Benefits and Effectiveness of GLP-1 Anti-Obesity Medications

GLP-1 Anti-Obesity Medications work because they mimic/spark the reaction of the naturally occurring GLP-1 hormone. The wide range of benefits of GLP-1 includes lowering blood sugar and reducing weight, as well as other benefits such as improving lipid disorders and fatty liver disease, reducing heart disease risk, and delaying diabetes-related nephropathy progression (Cleveland Clinic, 2023). The recently approved medications are focusing on weight loss, however, companies are exploring the range of benefits that the GLP-1 hormone provides for the next evolution of these medications (Cleveland Clinic, 2023).

 

GLP-1 medication benefits and effectiveness for weight loss vary based on several factors including starting weight, the specific GLP-1 drug used, and the dosage (Castro, 2022).

 

Strong Results of an Early Study on Semaglutide (Wilding et al., 2021)

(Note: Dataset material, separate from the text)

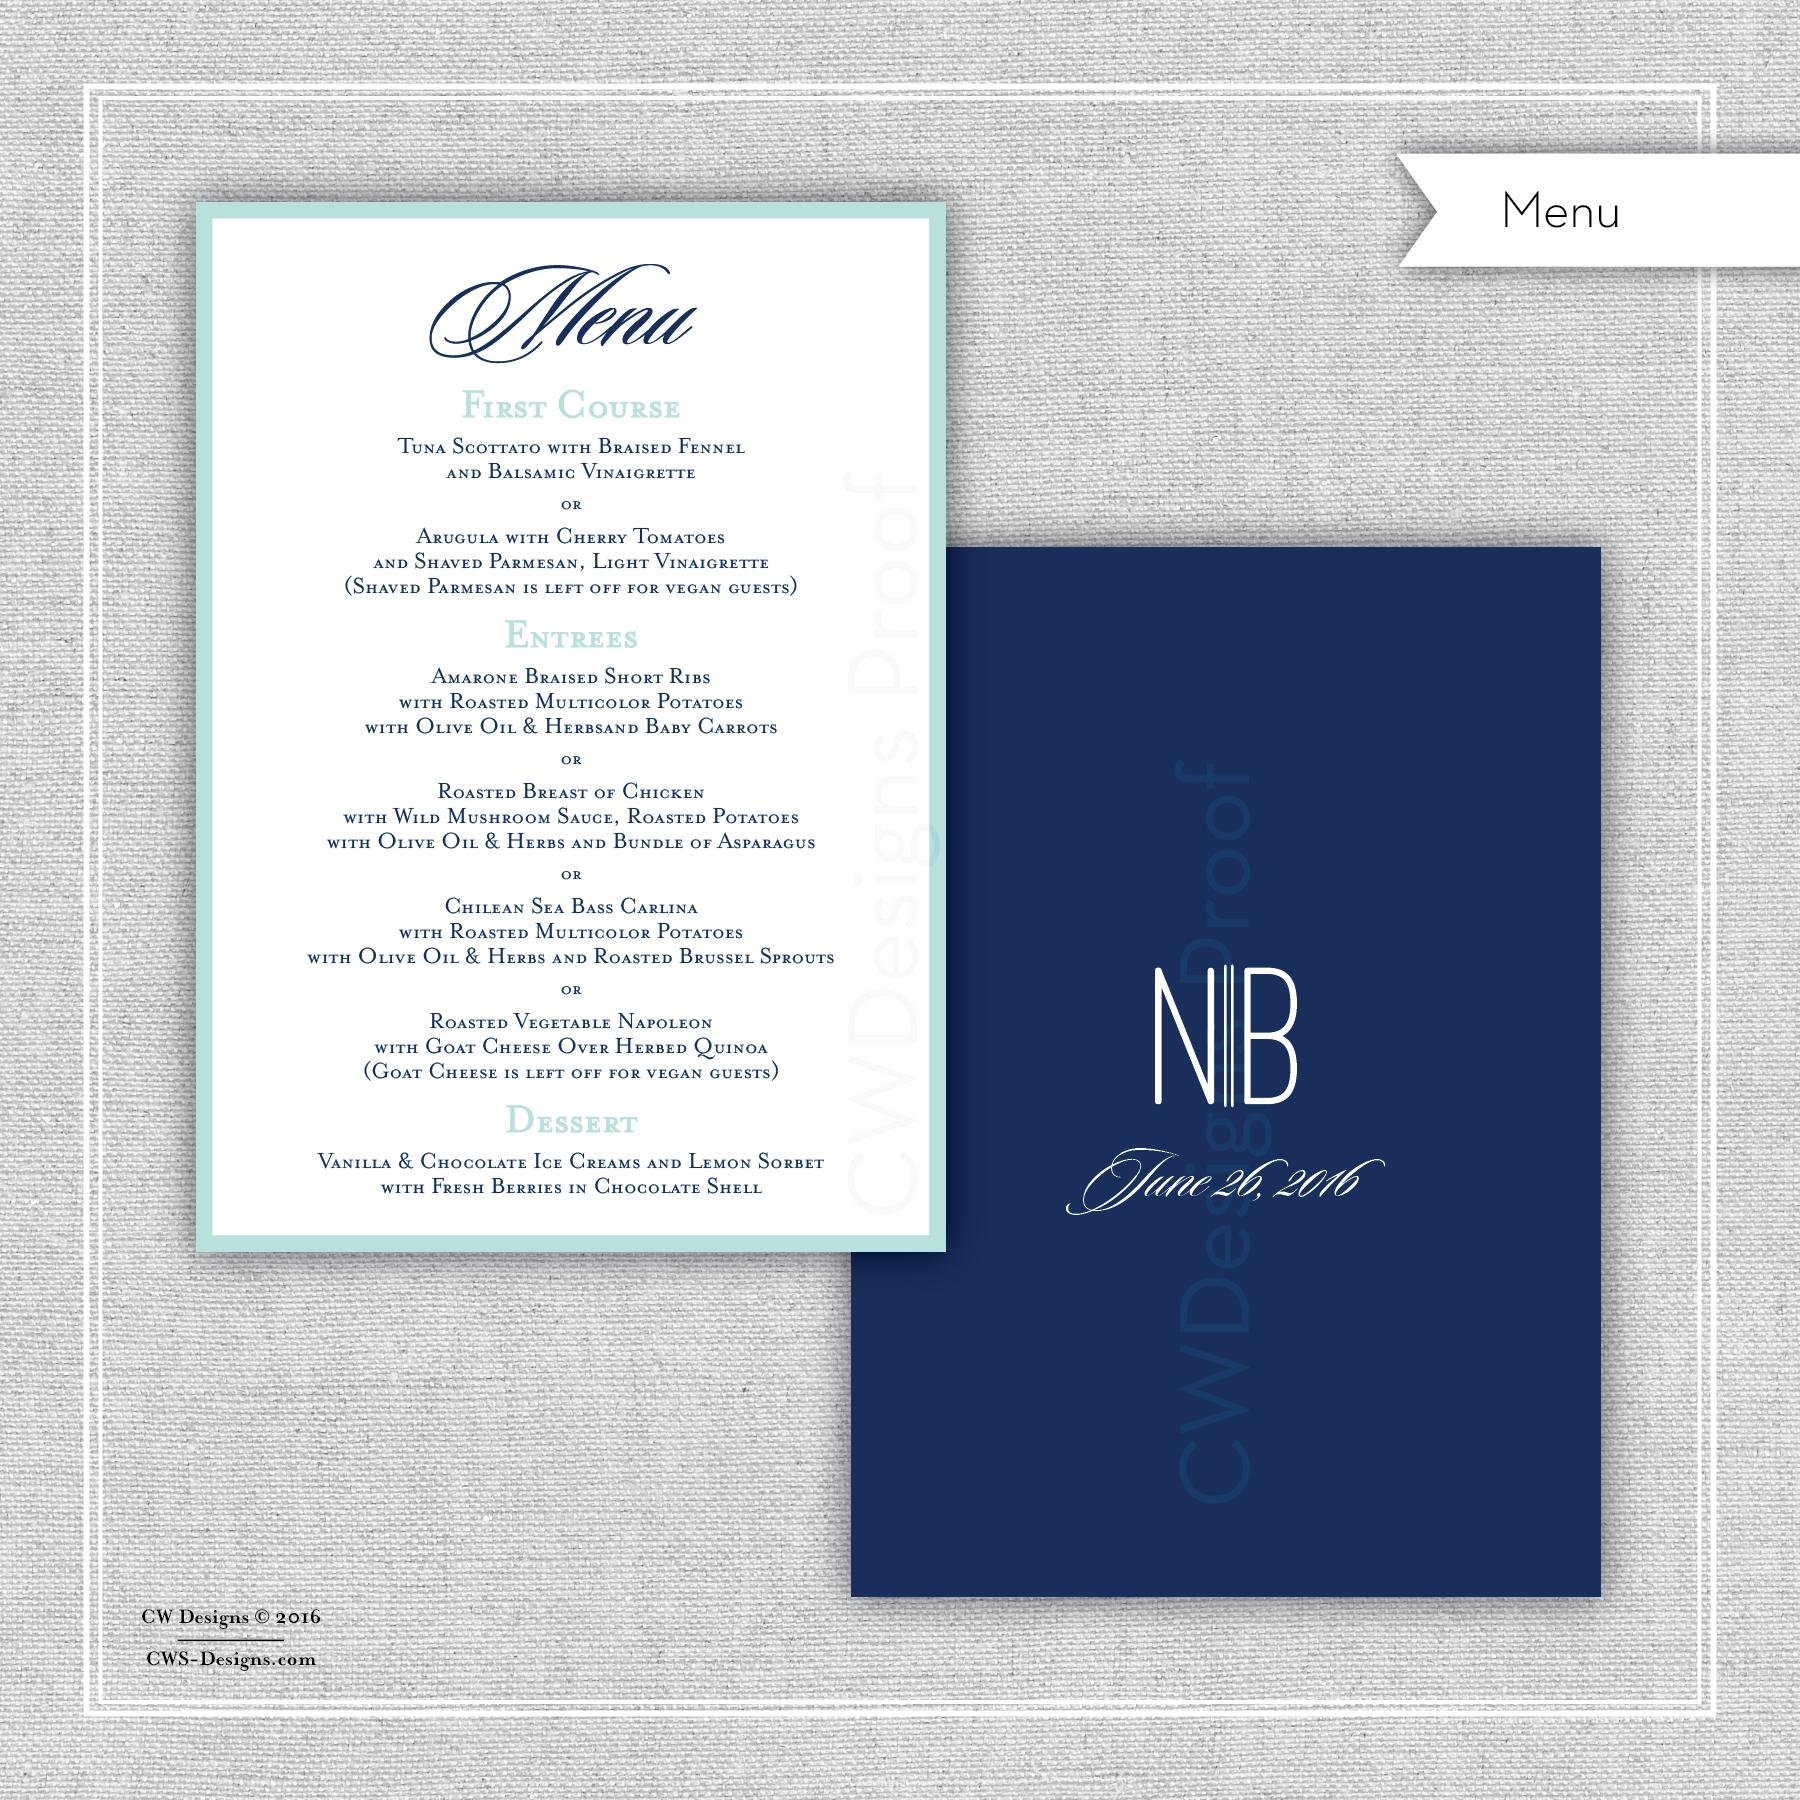 Menus Linen Background Etsy Listings-01.png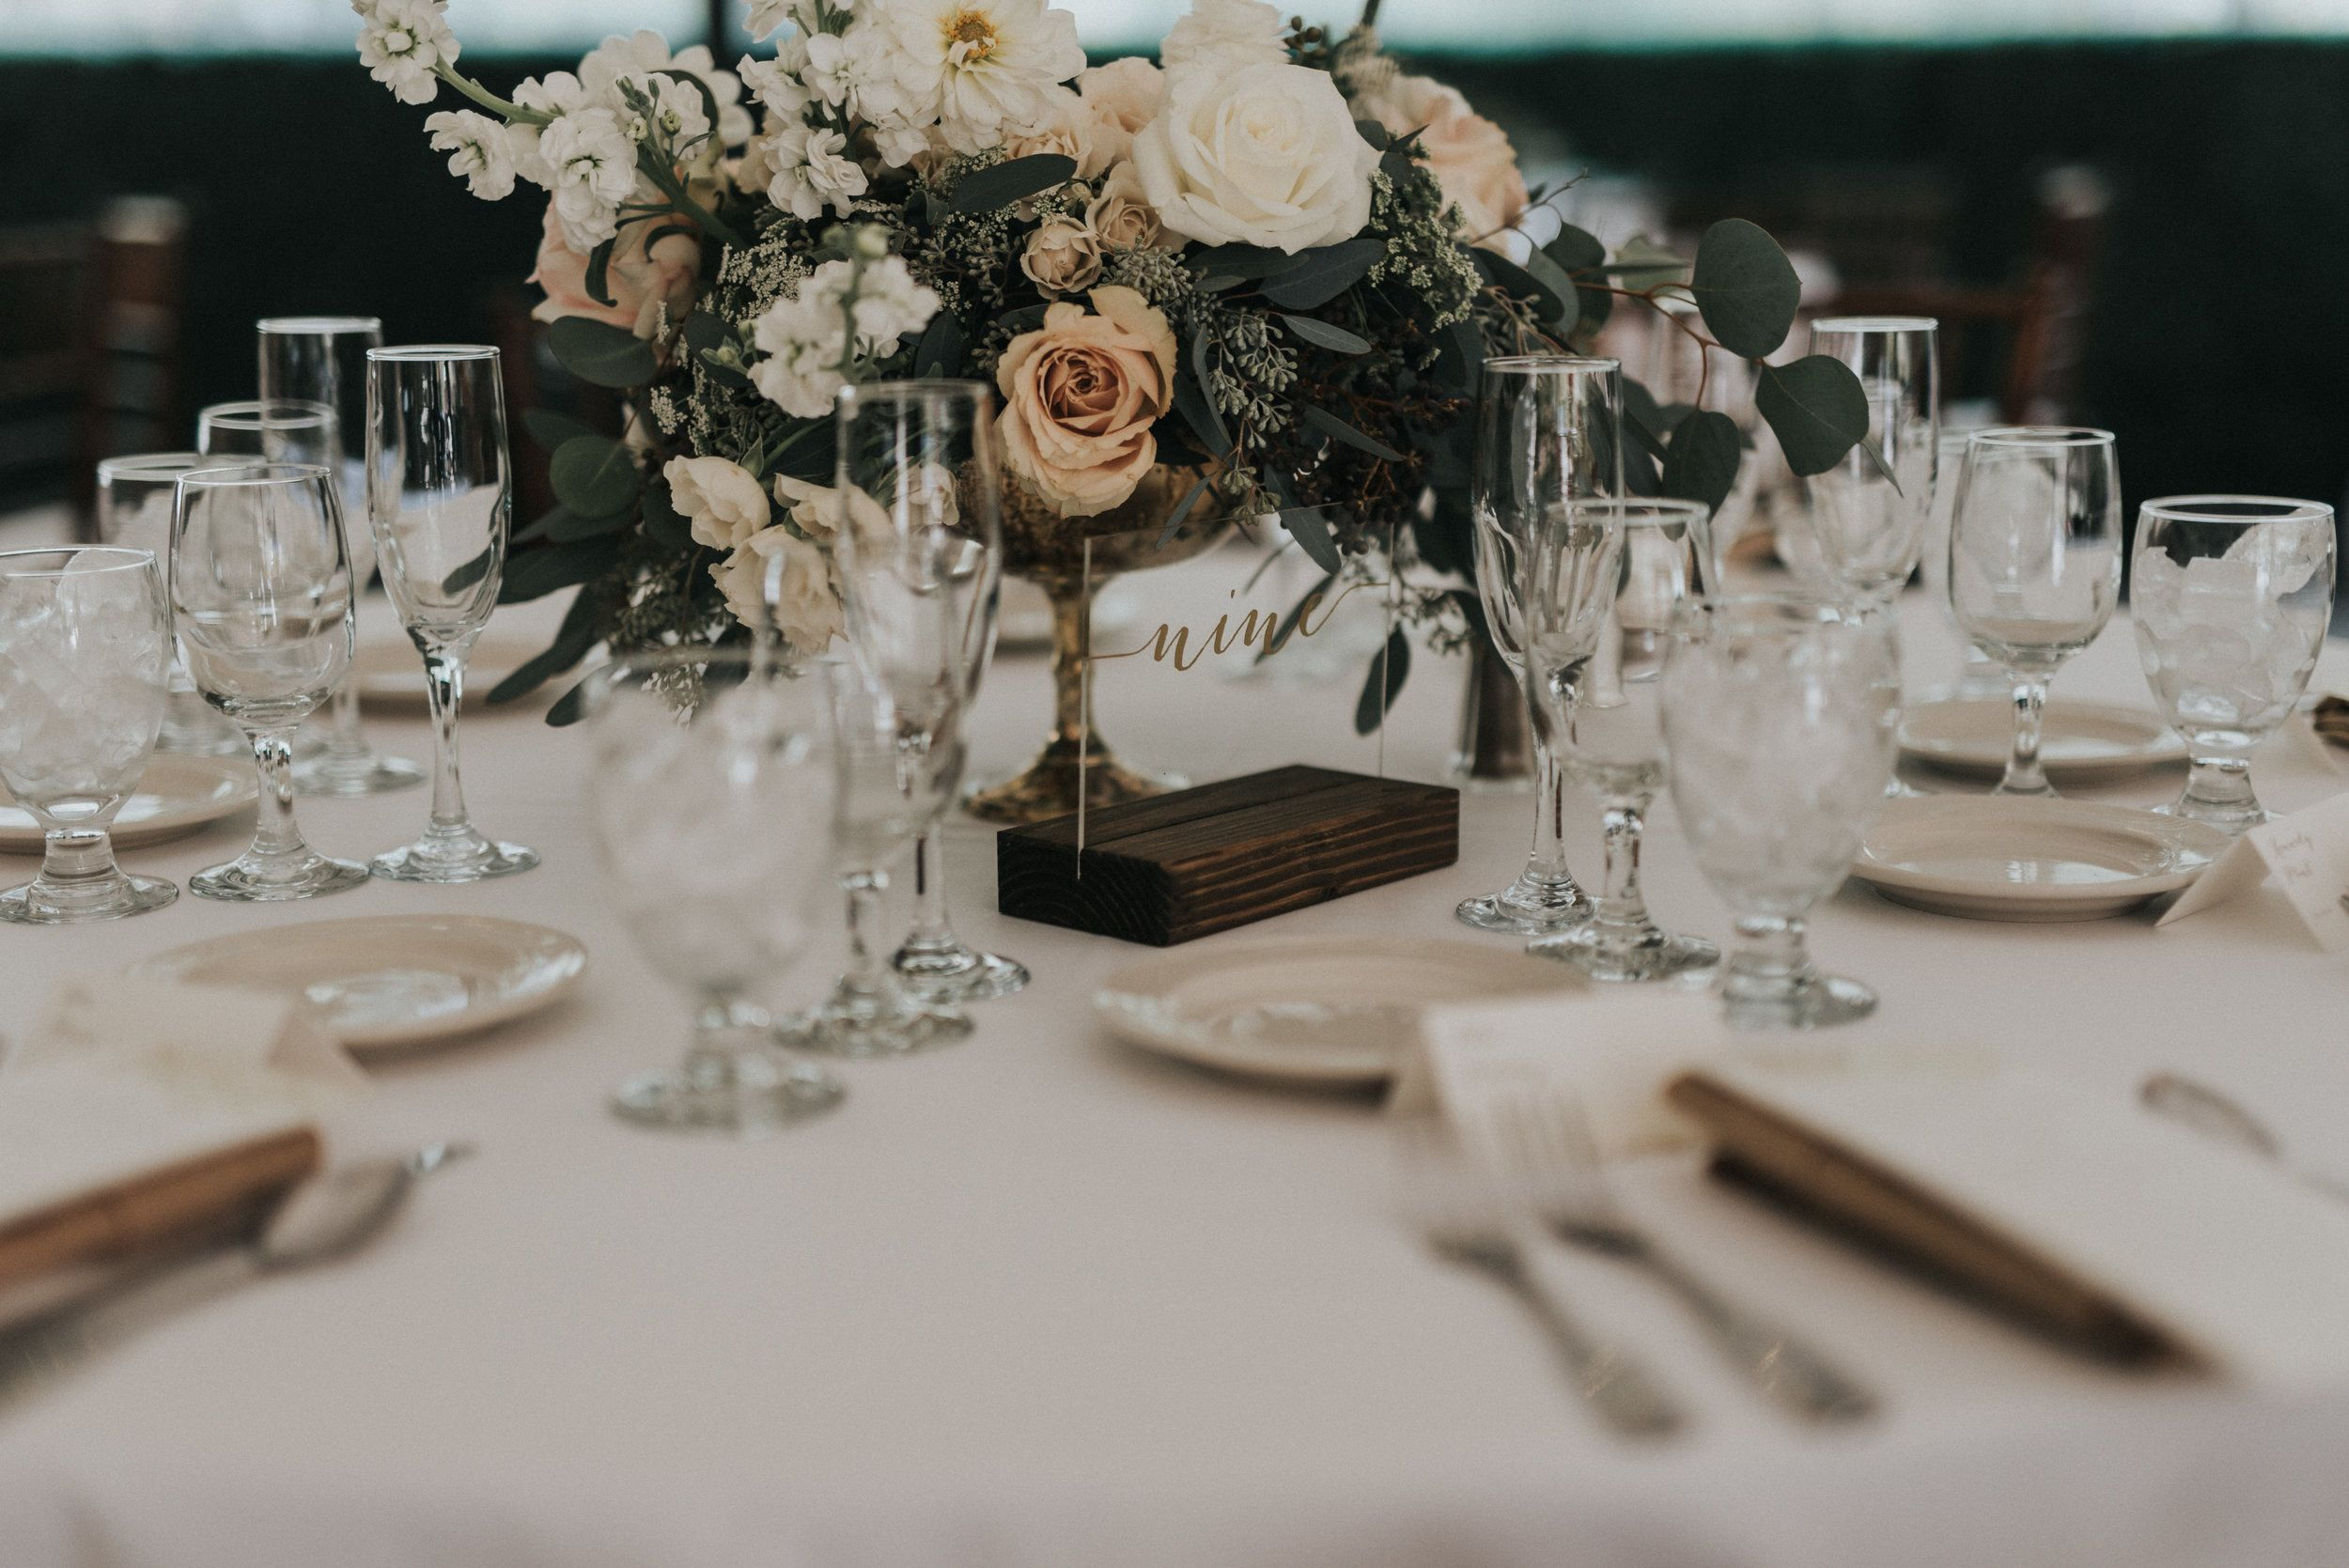 Wedding venue decorations ideas november 2018 Wedding centerpiece  Malibu Wedding  Pinterest  Wedding

  • One study on once-weekly semaglutide (2.4 mg) involving 2,000 obese adults showed an average body weight loss of about 15% after 68 weeks.

  • The study compared participants on semaglutide in addition to a diet and exercise program to those who only followed the diet and exercise regimen.

  • The key findings were as follows:

  • Nearly a third of the participants using semaglutide lost 20% of their body weight.

  • In contrast, adults only incorporating diet and exercise lost about 2.4% of their body weight.

 

FDA Study References:

  • Wegovy: According to the FDA, people using Wegovy lost 12.4% of their initial body weight on average as compared to people using the placebo (FDA, 2021)

  • Zepbound: In a trial for Zepbound, participants on the highest approved dose (15 mg once per week) lost 18% of their body weight on average compared to participants receiving a placebo (Thompson, 2023)

 

These studies highlight the potential high effectiveness of GLP-1 medications in weight management. However, it's important to note that studies show weight regain recurrence after stopping the medication (Surampudi, 2023). This underscores the importance of lifestyle changes for sustainable weight management, including diet and exercise. Dr. Surampudi emphasizes that while anti-obesity medications are a valuable tool, the fundamentals of weight management remain diet and exercise.

 

We recommend consulting with a healthcare provider to determine the most appropriate treatment plan, as these medications may not be suitable for everyone and individual results can vary.